Arquivo da tag: borracha sabor tutti-frutti

Estação Consolação

#Juliana

Juliana não procurava necessariamente um namoro, mas queria encontrar um cara legal. Nos finais de semana, um de seus maiores prazeres era ir à praia sentir a brisa no rosto e analisar as pessoas. Gostava de reparar nos cabelos, pele e expressões, e tentar imaginar o tipo de vida que elas tinham. Começava tentando desvendar a profissão e evoluía para os relacionamentos e a personalidade. Sentia falta de alguém para compartilhar suas certezas.

Apaixonada por cinema, Juliana costumava assistir comédias românticas e achava os filmes intelectuais muito chatos. Parecia um paradoxo, já que adorava reparar em comportamentos, mas seu interesse em ver filmes era aquietar os pensamentos. Questionamentos despertam a mente e nos fazem acordar dos sonhos, e Juliana queria apenas entrar na fantasia e ter alguém para dividir a pipoca e fazer carinho nas mãos. Suas unhas eram um pouco compridas e gostava de passá-las levemente na pele e ver os pelos eriçarem. Juliana precisava de um antebraço sincero para arrepiar durante os filmes.

#Guilherme

Guilherme era considerado um cara legal por quase todos. Tranquilo, costumava sorrir ao responder às pessoas e isso causava nelas uma empatia instantânea. Era um pouco confuso por dentro, mas aprendera instintivamente que lábios entreabertos e levemente arqueados são resposta suficiente para a maioria das perguntas. Afinal, as pessoas não questionam verdadeiramente as coisas, apenas pedem, através de indagações, confirmações. E é exatamente isso que viam refletido no sorriso dele.

Ler era o principal passatempo de Guilherme. Adorava cadenciar as informações e adaptá-las à velocidade do seu raciocínio, de tal forma que não perdesse nenhum detalhe sobre os personagens. Não conseguia, aliás, se ater à história, era genuinamente apaixonado pelos personagens. Achava solitário ter tantas impressões sobre a personalidade deles e não ter alguém que pudesse ao menos sorrir quando ele as comentasse. Queria alguém que olhasse em seus olhos fingindo interesse em suas observações irrelevantes. Guilherme precisava de unhas que arrepiassem sua nuca durante suas opiniões.

#Juliana e #Guilherme

Juliana descia a escada rolante da estação Consolação do metrô com seu smartphone em mãos.

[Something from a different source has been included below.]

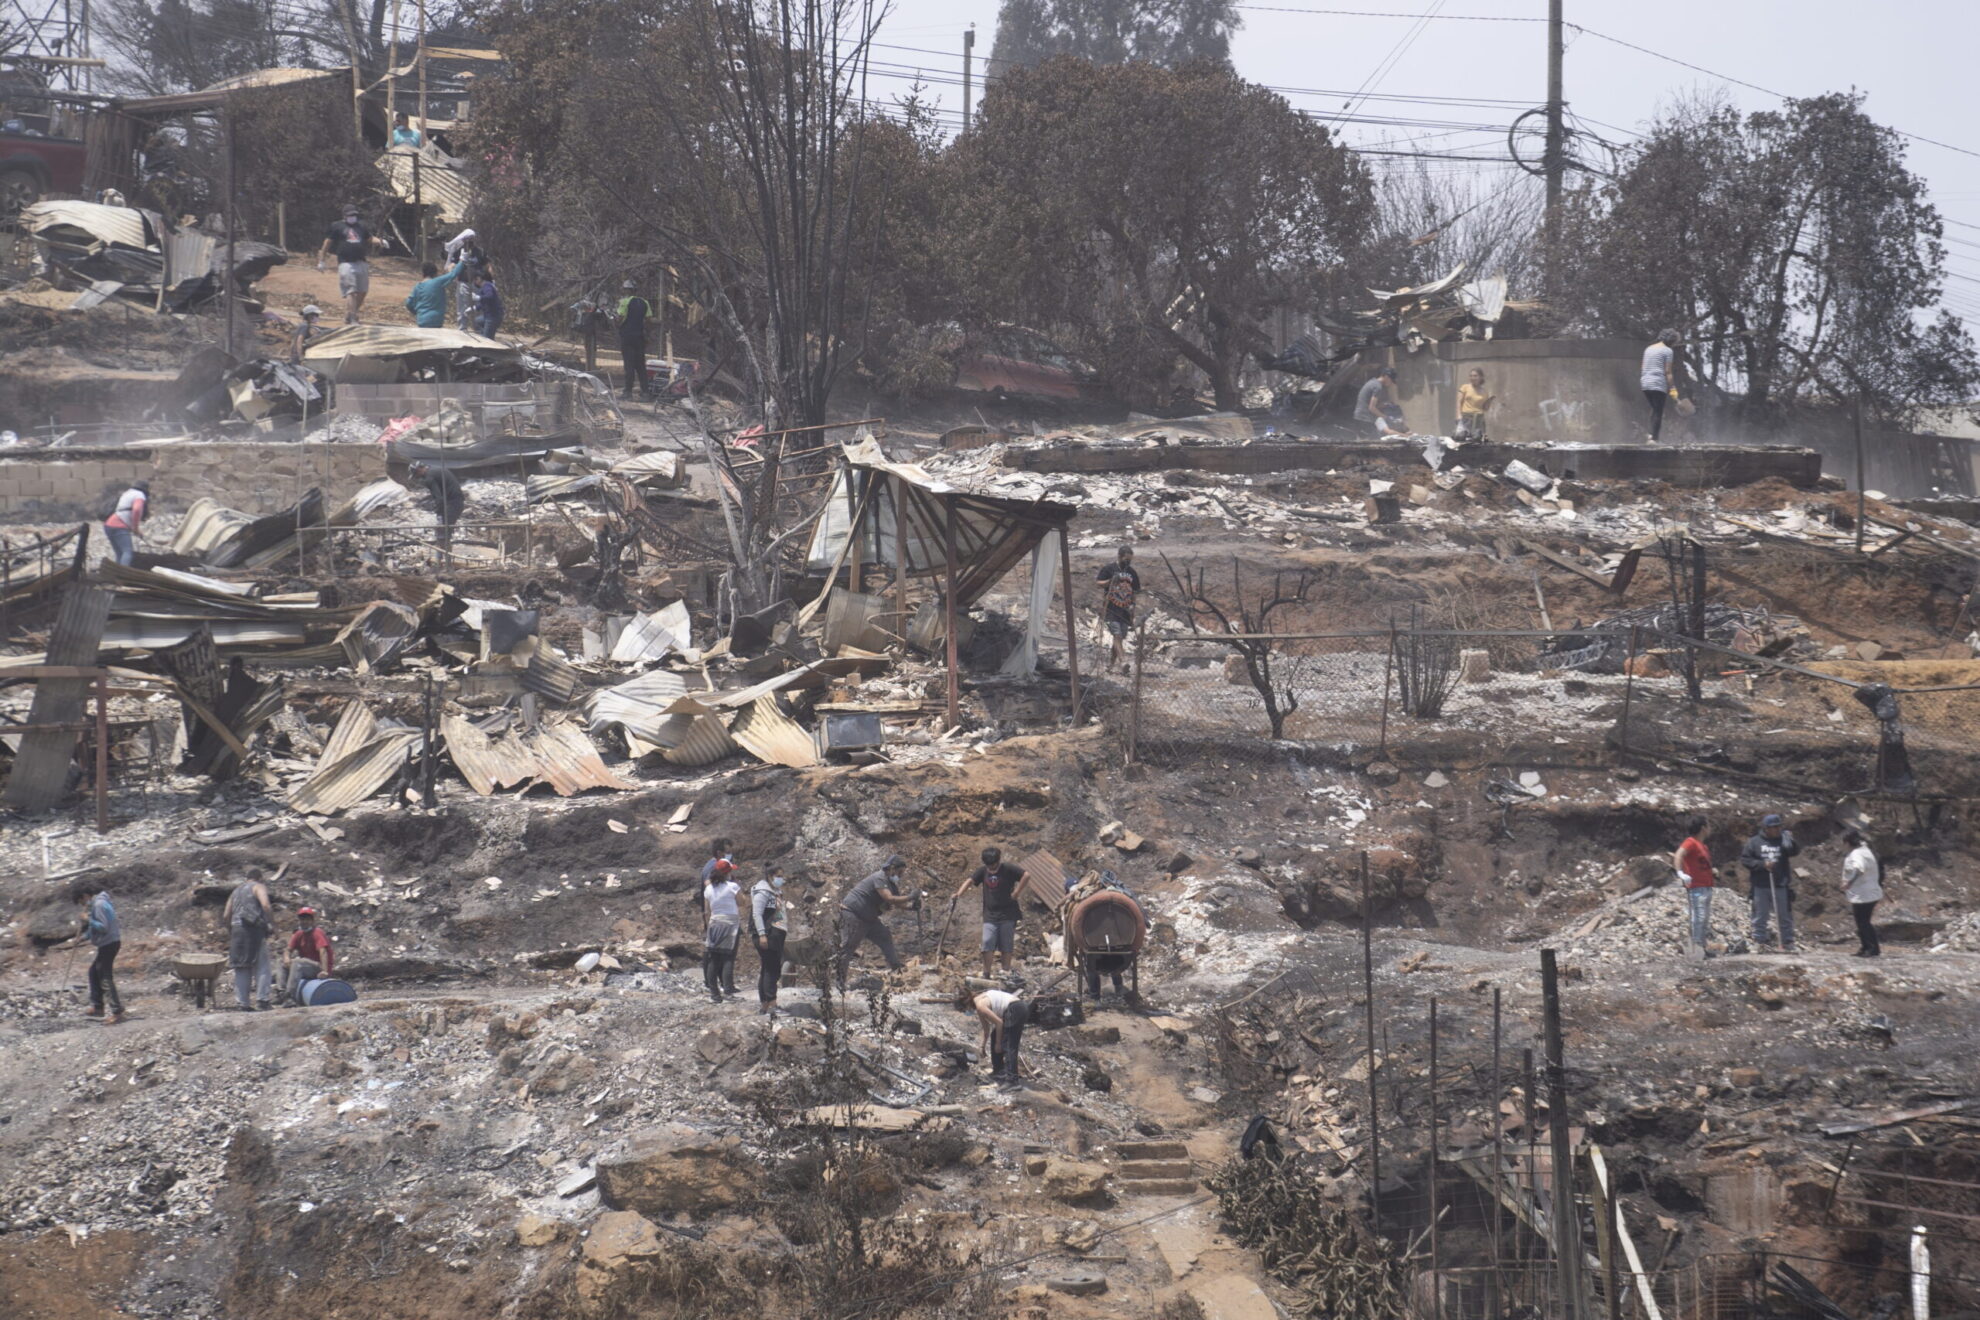 Χιλή – πυρκαγιές: Κατάσταση έκτακτης ανάγκης και διήμερο πένθος στη χώρα – Εκατοντάδες νεκροί και αγνοούμενοι

Ficara presa em uma posição incômoda, pois uma senhora se postou à direita e ela teve de ficar à esquerda, com o corpo levemente virado para a escada rolante que subia. Guilherme, por sua vez, estava distraído com seu telefone quando colocou os pés na escada rolante que subia em direção à saída da estação. Por isso, mal percebera que estava no lado esquerdo (o lado da saída), com o corpo voltado para a escada rolante que descia.

No momento exato em que Juliana, concentrada em seu smartphone, postou uma mensagem em uma rede social, Guilherme e ela se cruzaram na escada rolante em sentido contrário. Ele, por sua vez, acabara de notar a nova mensagem surgindo em sua linha do tempo, postada por uma desconhecida que ele simpatizava muito. “Às vezes, o que procuramos está mais próximo do que imaginamos”, dizia. Guilherme curtiu.

Chegando no final da escada, próximo à saída da estação, Guilherme parou ao lado e pensou em mandar uma mensagem a Laura, com quem havia saído semanas antes. Não tinham muito em comum, mas sentia que era o que tinha disponível para o dia. Antes de enviar, lembrou-se da postagem da desconhecida e olhou a sua volta, mas não encontrou ninguém interessante. Riu do seu ato. Só então enviou a mensagem convidando Laura para sair e decidiu mandar também uma resposta à autora da postagem: “Já imaginou se o que procuramos fosse como os clichês, que estão em toda parte?”.

Juliana ia cruzar a catraca do metrô quando parou ao lado para ler a nova mensagem que acabara de receber. Era Pablo, um rapaz lindo e vazio que insistia em sair de novo para transar com ela. Não estava muito afim, mas aceitou, pois sentia que era o que tinha disponível para o dia. Instantaneamente, se lembrou do que acabara de postar e decidiu reler, na esperança inconsciente de acreditar nas suas próprias palavras.

Ao abrir a postagem, Juliana encontrou a resposta de Guilherme. Riu da analogia e curtiu. “Seria bom mesmo”, respondeu. “Clichês são parte do nosso idiota cotidiano”.